Атака дивизии могла и не состояться, и вообще, только недоразумение развернуло события в драматическую сторону. Генерал Хрущев вспоминал, что «…впоследствии генерал-адъютант Коцебу сказал, что он в эти минуты послал по поручению главнокомандующего полковника Вонтана к Бельгарду с приказанием атаковать Гасфортову гору; но как только Вонтан поехал, 12-я дивизия двинулась в атаку против Федюхиных высот. Это крайне удивило главнокомандующего и он, считая невозможным атаковать в одно и тоже время два пункта неприятельской позиции, вернул Вонтана».{328}
АТАКА ОДЕССКОГО ПОЛКА
Полковник Скюдери с Одесским полком быстро перешел Черную и вслед за отходившими пехотинцами противника перешел канал. Для одесцев это была привычная работа. Нечто подобное им уже пришлось делать в сражении при Четати 25 декабря 1853 г. Уже тогда стало ясно, что в огромных потерях, которые несла русская пехота, при минимальных успехах достигаемых ею, виноваты были не только командиры, но и «…вся школа тех годов, в своем ослеплении плацпарадными тонкостями незаметно подготовлявшая весь ужас Альмы, Инкермана и Черной речки».{329}
Единственным утешением было то, что все это с лихвой искупалось «…удивительным мужеством и стойкостью удивительных войск».{330} Шли в бой 4 августа 1855 г. офицеры и солдаты Одесского полка с плохими предчувствиями. Уже на Дунайском театре они начали задумываться над причинами поражений. «А те, кто задумывался, были правы. Ибо уже надвигалась Альма, уже слышался запах Инкерманской крови, уже реяли тени погибавших на Черной речке…».{331}Полковник Святополк-Мирский с началом рассвета услышал ружейную стрельбу слева. «Это было начало атаки Сардинской позиции на Гасфортовой горе. Нас двинули вперед».{332}
Одесский егерский полк начал перестраиваться для атаки. Стрелковую цепь составили две роты 2-го стрелкового батальона и все солдаты полка, имевшие нарезные ружья и штуцера. «Сколько мне помнится, таких людей было по десяти человек в роте».{333} Первую линию составил 4-й батальон «…в ротных колоннах в одну линию, — имея в интервалах рот артиллерию».{334} Три батальона следовали за ними в колоннах к атаке. Приблизившись к реке, «…артиллерия снялась с передков и открыла пальбу, — цепь наша тоже начала стрелять».{335}Положительно, что в первой фазе сражения артиллерия находилась там, где ей предписывал боевой порядок — в интервалах рот первой линии. Пятнадцать минут перестрелки продолжались без особого результата, хотя отдельные снаряды добавляли суматохи, попадая в расположение французских войск. Дальнейшие события начали развиваться стремительнее и драматичнее.

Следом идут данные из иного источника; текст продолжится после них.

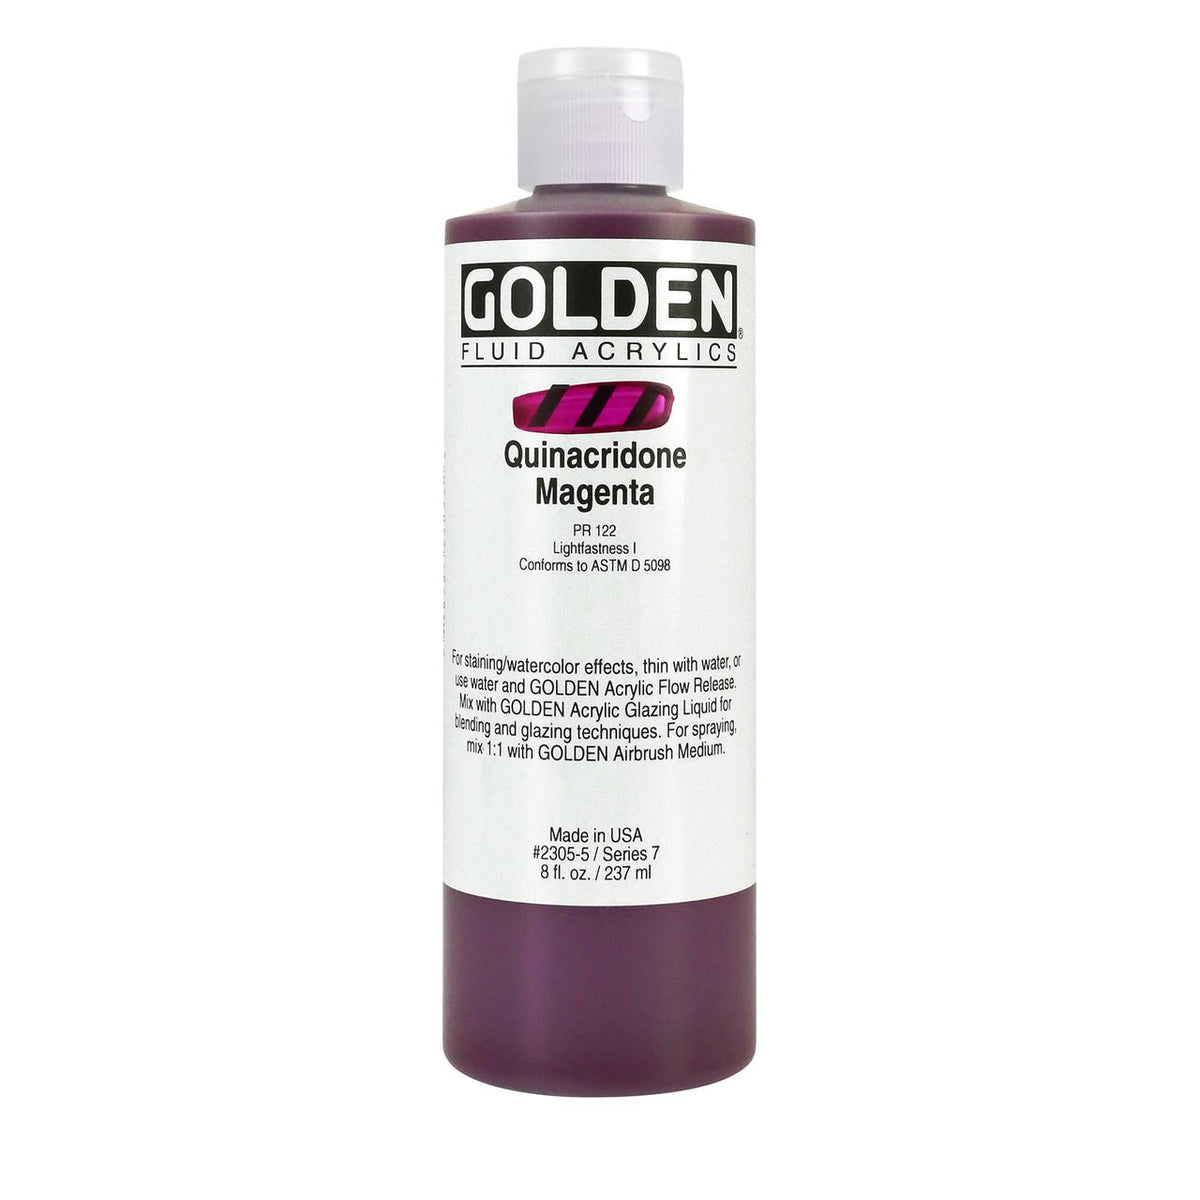 Golden Fluid Acrylic Quinacridone Magenta 8 oz - merriartist.com

«Вдруг кто-то подъехал к полку и пискливым неприятным голосом, столь дурно влияющим во время боя, закричал: “Одесскому полку занимать мостовое укрепление”. Полковник Скюдери вышел вперед и внятно, спокойно скомандовал: “Батальоны вперед, дирекция на середину, — скорым шагом, марш”. Увы, это было последнее приказание и последние командные слова, которые мне довелось слышать в этот день. Батальоны двинулись бодро, быстро, ровно в ногу, как один человек».{336}
Стремительность натиска русской пехоты в этот день отмечали все, даже явные русофобы. Так в статье «Сражение на Черной», Энгельс отмечал, что «…русские продвигались через водопроводный канал и вверх по склону высоты с невиданной для них быстротой и воодушевлением». Похоже, это был последний волевой порыв российских солдат в этой войне, когда каждый из них считал, что если с ними Бог, то какая разница сколько врагов против: «Полки 12-й пехотной дивизии, имея впереди Одесский егерский полк, быстро двинулись в атаку; храбрые одесцы, предводительствуемые командиром полка полковником Скюдери, кинулись бегом на мостовое укрепление…».{337}
У Святополк-Мирского уточняется, что движение было все-таки не бегом, а шагом, но общий эмоциональный порыв констатируется точно. Князь весьма удачно подметил, что «…неприятель, кажется, только ждал этой минуты. С фронта, справа, слева, сверху, снизу, с близких неприятельских позиций и с самых отдаленных, посылались на нас снаряды всех форм и названий, — казалось, что нет свободного от них места и возможности кому-нибудь из наступавших спастись от истребления».{338}
Это вступила в дело батарея де Сайли. Пехотинцы французов разошлись в стороны, расчистив для нее сектора обстрела.